Thanks very much for the welcome hi and the helpful suggestions. I appreciate it.

More on a scope: I just did a budget evaluation (Bummer! Bad one.) and find that I am looking for low-power binocular scope parts, not a scope per se. (I did look at the Omano, and find that I am about 1,200 short--I can squeeze out only a very few hundred only now. Sigh; disappointment.)

So, what binoc parts? Well, I could get by with only the lower lenses (objectives), and the main body casting, hopefully with focusing attached. I already have usable eyepieces, including a set of 10x Wild (Swiss) from a life of junk collecting, and an 'L' arm stand is quite easy to machine from cold rolled and cast iron. I will be looking on eBray (no mis-spelling; they bray and bray about what you cannot do, etc., ad infinitum), Craiglist and other sources. Any ideas? It seems a lot of parts are available in Great Britian, where they are evidently taking apart scopes and selling parts like an auto junkyard. I will have to relax my 'reputable seller' requirements a lot, but I figure if I win one out of three purchases I am still ahead, considering I live basically in the middle of nowhere-well, not quite, but on a clear day you can see it from here.

And, if anyone has scope parts they want to sell or trade, please email me, haheffernan@yahoo.com. Just remembered I have a few cut stones, raw stones, etc. (past hobby; jewelry was not my thing), including some decent aquamarines (Thailand; I like to travel) from some years ago, and other things-lots of things.

So wish me luck on my scope 'junk' search. On another subject, I read some posts about transfers using various means, and I know of a much easier way using a different printer technology.

Amusing (?) story: I was the printer 'guy,' by default, the one everyone asked why and what and how, for years, at US Fish & Wildlife, Fairbanks, about 130 or so folks. As such I arrived at my only claim to fame. We got a new computer systems person who proceeded to name (advantageous for Windows over an IP address) all of the bigger and special purpose shared printers. Among the three or four large plotters was a HP 5500 in my cubicle (rather than the shared printer space), 42 inches wide, 6 colors etc., all the good options--about 15 or 20 thousand worth, a really nice printer I had gotten purchased for GIS maps. And, I suppose, since I was the person everyone came to for special printer advice I found myself in very high company, namely among printers named Michaelangelo, Picasso, etc. there was "harvey."

Well, guess I will post to the folks using HP Laserjets and Inkjets for printing transfers and see if I can make life easier with cheap transfers. Thanks again for the welcome and, oh yeah, I have owned Meeks' book for years, got it from Brownells, who has a very interesting catalog and a decent website, finally.

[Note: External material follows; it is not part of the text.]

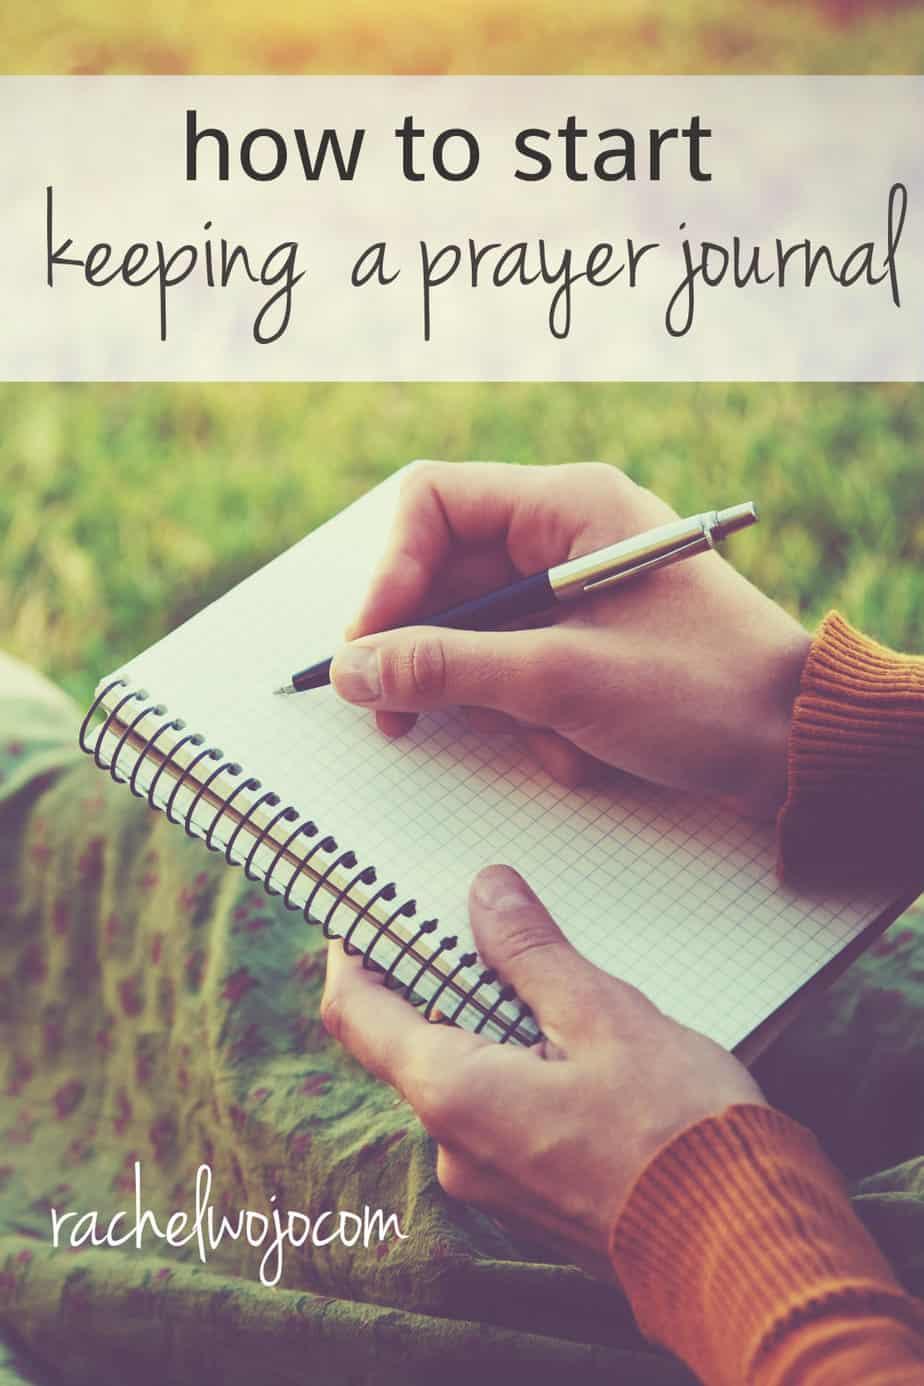 How To Start Keeping A Prayer Journal

I like Meeks book a lot, and his engraving, but my favorite is Nimschke, simply because many of his engravings recognize and incorporate the firearm's required shape and workings into the engraving design. For example, required screws, pins, etc. are frequently incorporated into the engraving design rather than 'just occurring,' or ignored as something that is 'just there' and obviously intrudes upon the engraving canvas. The old Winchester shown at http://www.georgemadis.com/987/memframe.html illustrates this I believe. Function dictates form; a firearm Is a firearm, not free form jewelry nor a practice plate and the engraving can recognize the necessity of its shape, screws, pins and other attributes. Just my opinion; please don't leap on me too hard folks.